In the many small things that you will discover about yourself, two themes will emerge. The first theme is that you are complex. This means that your thoughts and actions have many causes--we are multi-determined--such as biological, intra-psychic, or environmental. Thus, for example, you cannot say that the cause of mental retardation is brain damage because the social environment in which the brain-damaged individual is brought up strongly affects the person, as does the person's present environment
The second theme that you will notice is that people are similar to each other and yet different from each other. Biologically we are alike, we develop in similar ways, and we interact with our social context in similar ways. Yet we are not identical. For every statement that is true about people generally, there is a range of individual differences underneath. In other words, Each of us is unique.
Sometimes when you discover something new about yourself, you will feel that it is not very surprising. You may feel that you knew what was "discovered" all along. In the world of psychology,this is called the hindsight bias. The hindsight bias is the feeling you get after you learn something new, that you knew it all along.

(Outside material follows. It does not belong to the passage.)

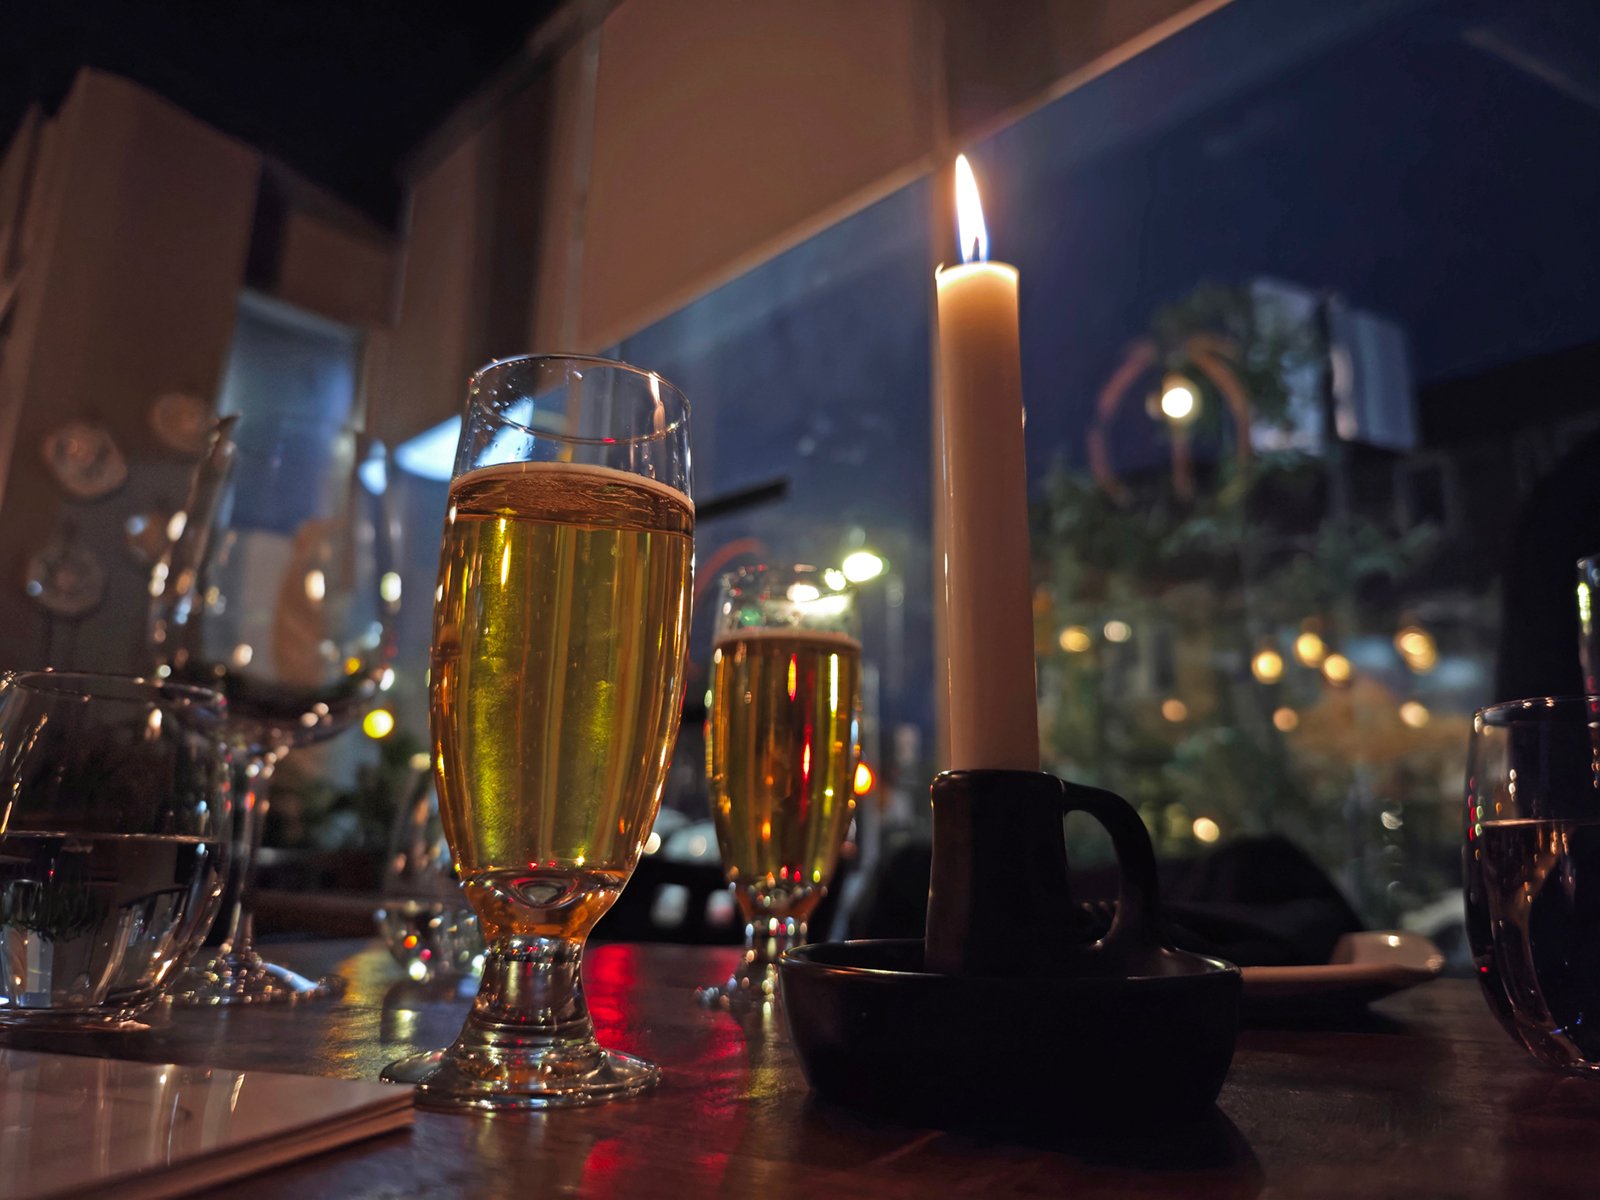 A cozy dining scene with a lit candle and two glasses of champagne on a table, with soft, blurred lights visible through a window in the background.

Many fields of knowledge can offer you a subjective understanding of human behaviour. Art, literature, and religion are good examples of subjective approaches that can give you important information about yourself or others.But, because it uses the scientific method psychology offers you two things that no other field can:
- First, a set of objective facts about how you think, feel, and behave.
- Second, theories and insights, based on objective facts, that attempt to explain in objective terms WHY--the cause--you think, feel, and act as you do.